Elven survival is an oft argued topic.

One answer that I quite like is that 'the weakness is all human mis-perception'. The elves suffered terribly in the war of the shadows and Deismaar, but ever since have been recovering. As however the elves are not naturally expansionistic, and few humans ever enter their realms, the growing numbers are simply unknown to the outside world.

Under this sort of approach the Hanner Sidhe are popular, as a campaign story arc is then the elven resurgence which tends to require enough elves to hold much larger lands.

Other points are the shadow world : Cerilia split. With the Shadow World still containing spirit world areas these may be elven (or at least Seelie refuges), other elves could simply not answer a crown, or be experiencing an unusual passage of time. If you want to beef 'hidden' numbers then as a fan of morphic elves I can see many living the seas, deserts, polar regions, etc.

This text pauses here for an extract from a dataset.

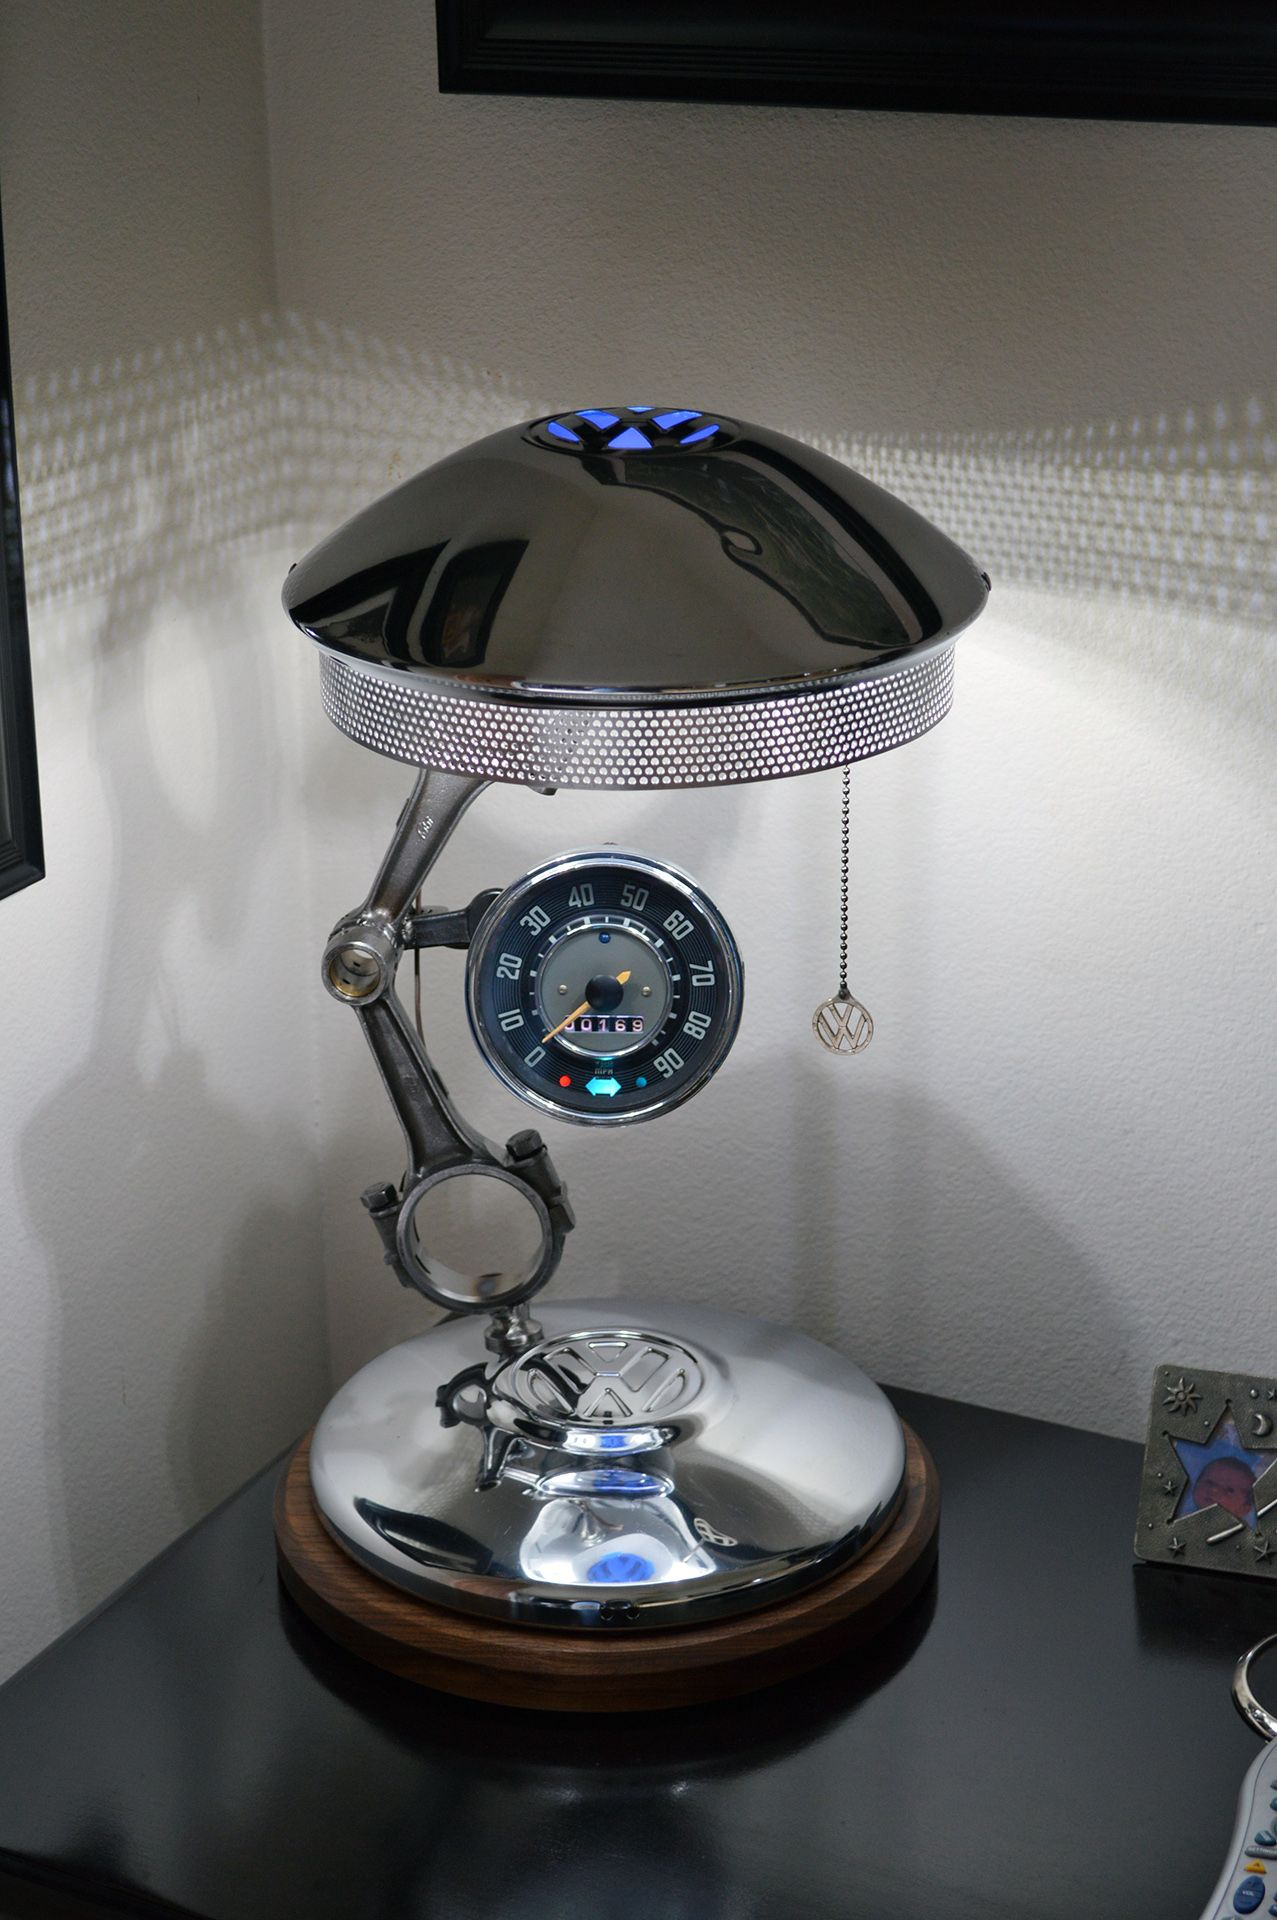 Faszinierend Möbel Aus Autoteilen Dekoration Von Luminária Partes De Carro

For me much of the problem is simulationism, elves are eternally young immortals with minimal industry that are immune to diesease - the only thing that really can kill of large numbers of them is a war, and the elves are not in the main a profitable opponent. Their numbers should therefore be steadily growing since Deismaar - particularly when the warding realm spell is taken into account! Yet if the population now is 8 times the number post Deismaar, the elves would have had to die in insanely high numbers in the battles (8* = 3 doublings = 1 doubling every 500 years - 1 child every century with 1 lost before they mate).